THE three-year-old battling two rare illnesses has continued to make good progress following last week's bone marrow transplant.

Tia Pugh is continuing to recover well from Tuesday's surgery but may face temporarily losing her hair and become unwell as a side effect.

Doctors at Great North Children's Hospital, Newcastle, have so far been pleased with Tia's progress following the procedure which it is hoped will help her combat two extremely rare immune deficiency disorders.

Tia, from Bath Road, Worcester, has been diagnosed with STAT1 deficiency and mycobacterium malmoense.

She is believed to be the only person in the world battling both conditions simultaneously.

Her dad Nick said at the weekend: "Tia's still doing well and the doctors are happy with her progress and so are we.

"Doctors have said that it is likely that she will lose her hair and become unwell as this is how a BMT procedure works.

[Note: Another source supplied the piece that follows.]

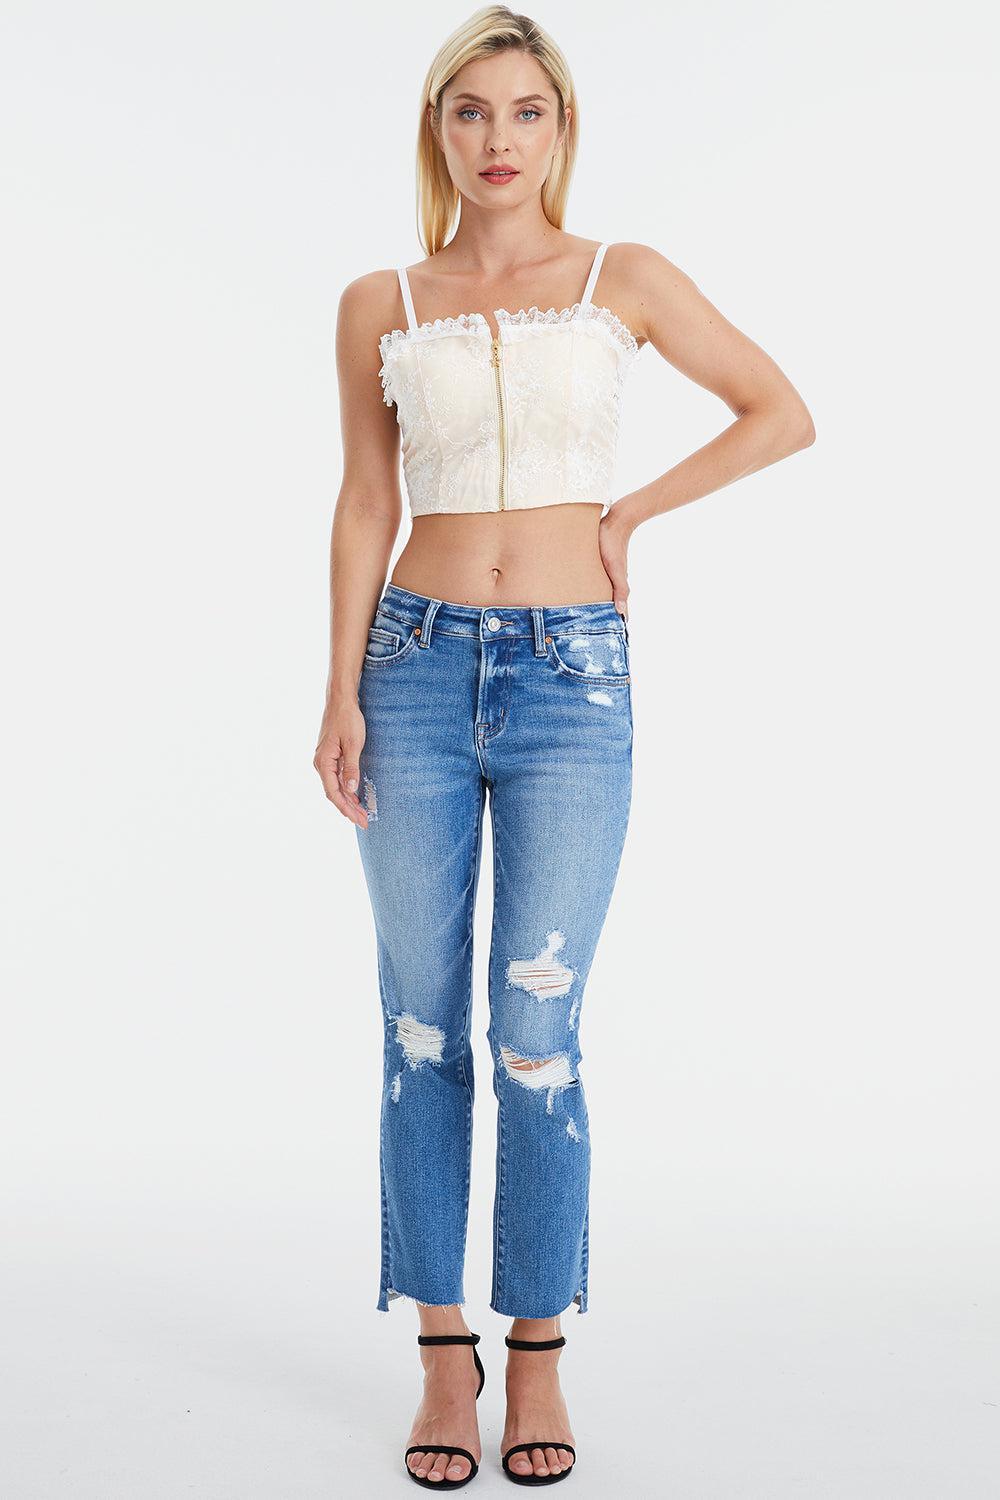 a woman in ripped jeans and a crop top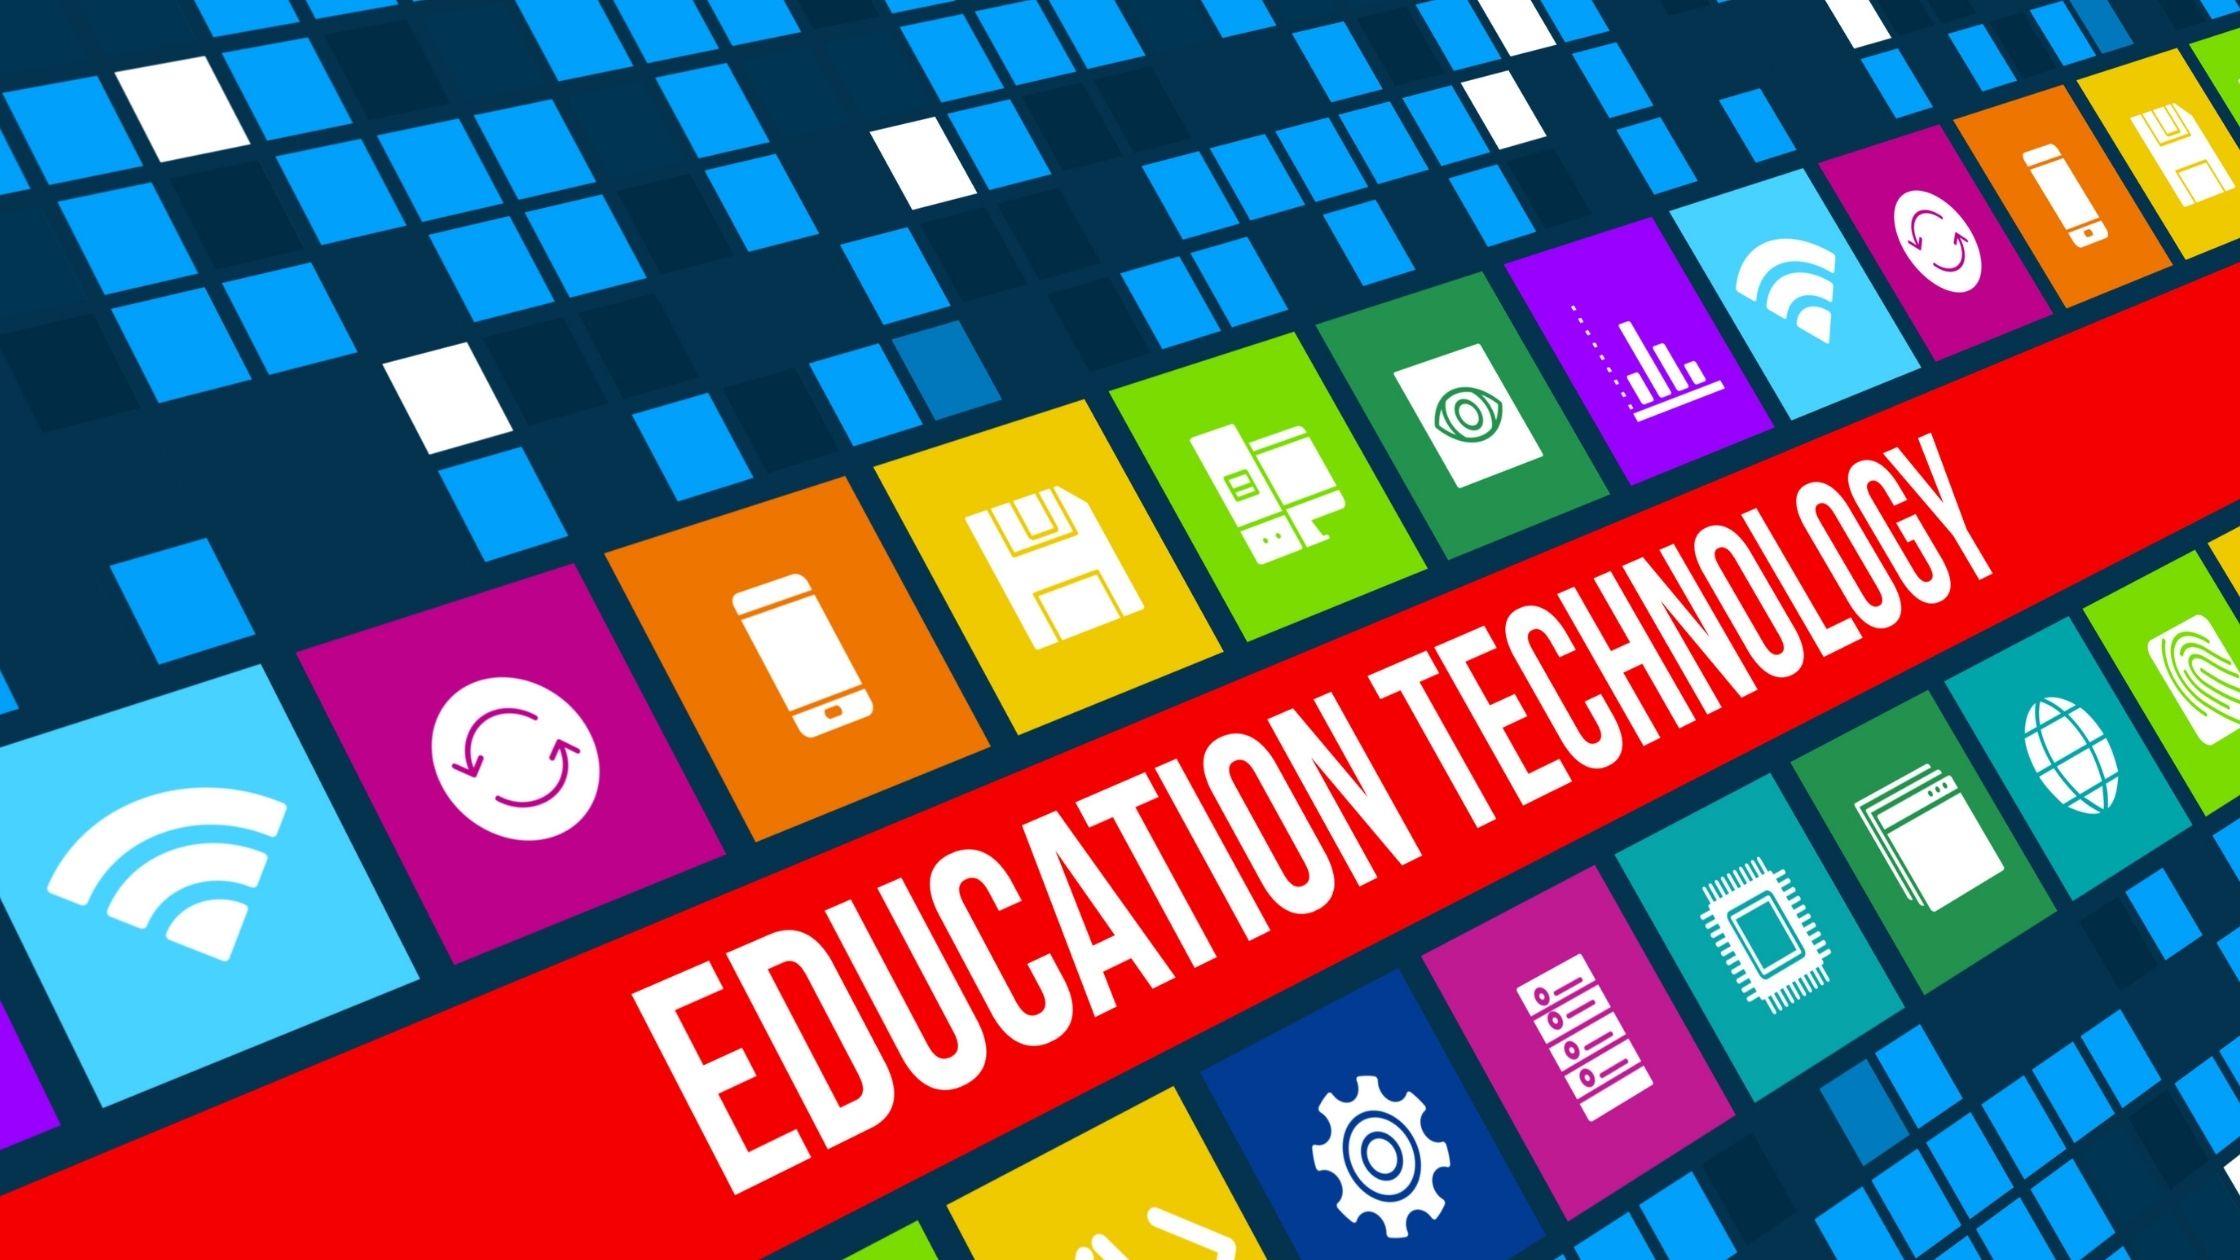 technology in education companies

"It does seem strange that we have to wait for Tia to become unwell first to get better as we have normally had to wait for her to get better.

"On average the sickness can appear within two weeks of the transplant but we've not experienced anything so far.

"Tia has been amusing the nurses and whenever the play co-ordinator comes into the room Tia will shout "Toy, toy" as she always has new toys for Tia.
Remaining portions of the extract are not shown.